Your stories about Bangkok are so interesting, but where are the photos?

This is wonderful, Pim - thanks for all the effort you're putting into writing everything down.

Two things:

- Since it's new year and some of us are trying to remove a good inch of lard from our hips ( rolleyes.gif ), would it be possible to get a recipe for Gang Som? Delicious low fat, high-veg food really hits the spot this month.

- I think Pim should write the anti-Thompson Thai cookbook based on her aunt Chawiwan's cooking. And Simon should publish it.

Posted: Jan 1 2004, 01:52 PM

Lippy,

Yes, I intend to. I took part in everything, trying as best I could to keep the feel of the food and all the flavors in my memory and my notes. I will try to reproduce these dishes and write down the recipes when I get back. Though it will be difficult to properly document everything in a recipe, I think. The best way to learn how to cook Thai food, apart from eating lots of it, and the right stuff, is to do what I did and intend to do more in the future, cook with people who know how to do it properly.

These things are reproducible, to a certain extent, outside of Thailand. Most ingredients can be found, or at least a close approximation of the ingredients.

I was actually joking with my aunt that the only thing I cannot find outside of Thailand was servants.
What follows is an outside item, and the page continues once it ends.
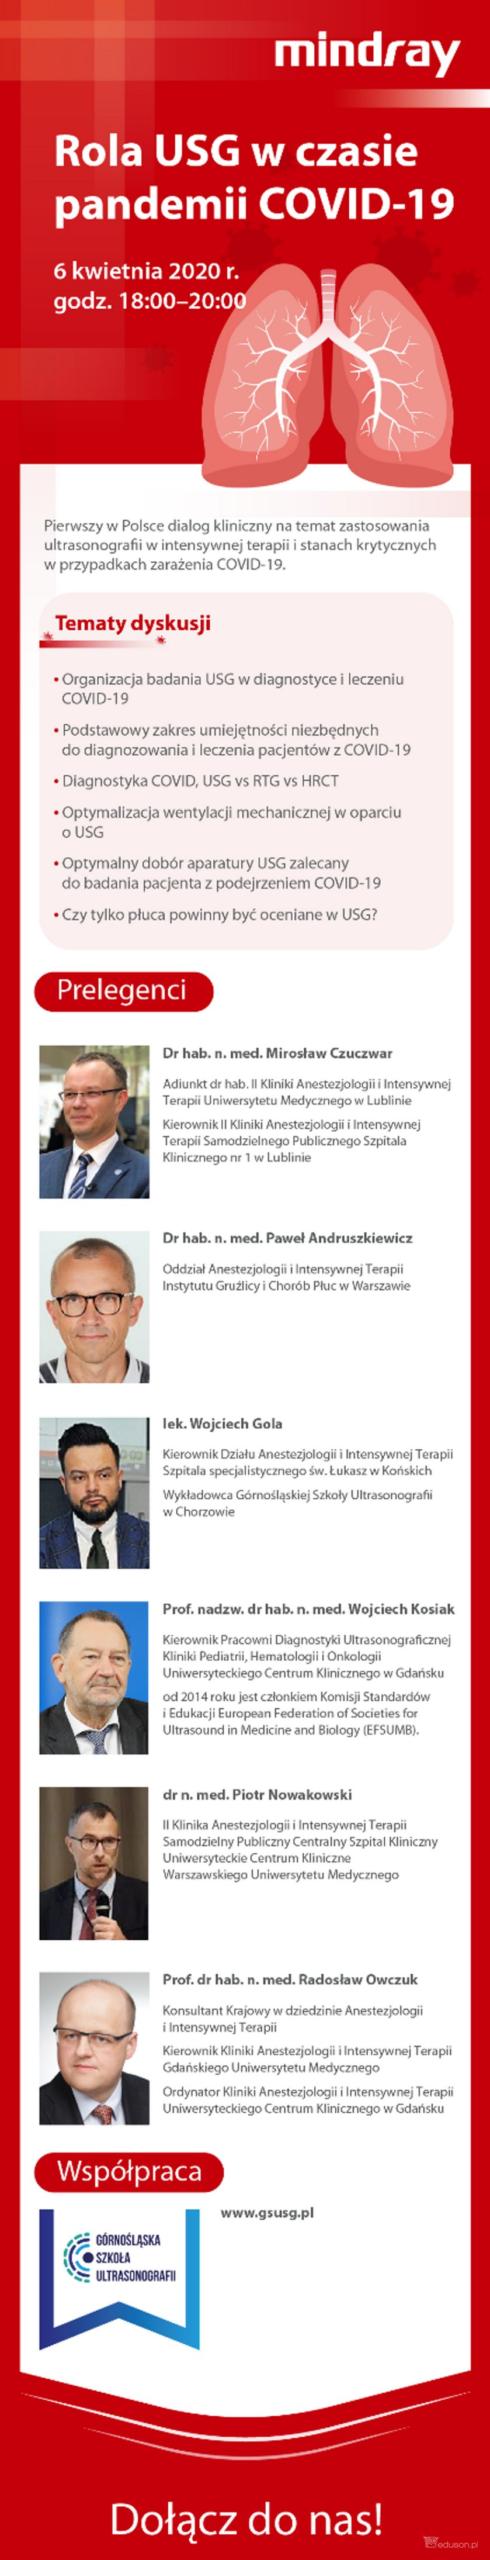 AKTUALIZACJA [10.04.2020]! 14 kwietnia zapraszamy nakolejny webinar natemat wykorzystania usg podczas pandemii COVID-19! - Portal wymiany wiedzy oultrasonografii - Eduson

Cooking these dishes are so labor intensive, all the chopping, pounding, and stirring, not to even mention all the pots and pans and plates and bowl and chopping blocks needed!! blink.gif The possibility of reproduction of some of these dishes is hugely in question without an army of help in one’s kitchen

Posted: Dec 30 2003, 09:12 PM

Joe,

Unfortunately, it is happening in Thailand as well. Thai people, especially those in Bangkok, are so into trends and all things western. It would have been funny had it not been so depressing to see.

Posted: Dec 30 2003, 09:03 PM

Once again, thank you, Pim. Are you writing down these recipes, or will they reside now in your head? Do you think the dishes reproducable outside of Thailand?

Posted: Dec 30 2003, 04:56 PM

God, in Thailand, too? I thought it was just "fusion" food in NYC and so on.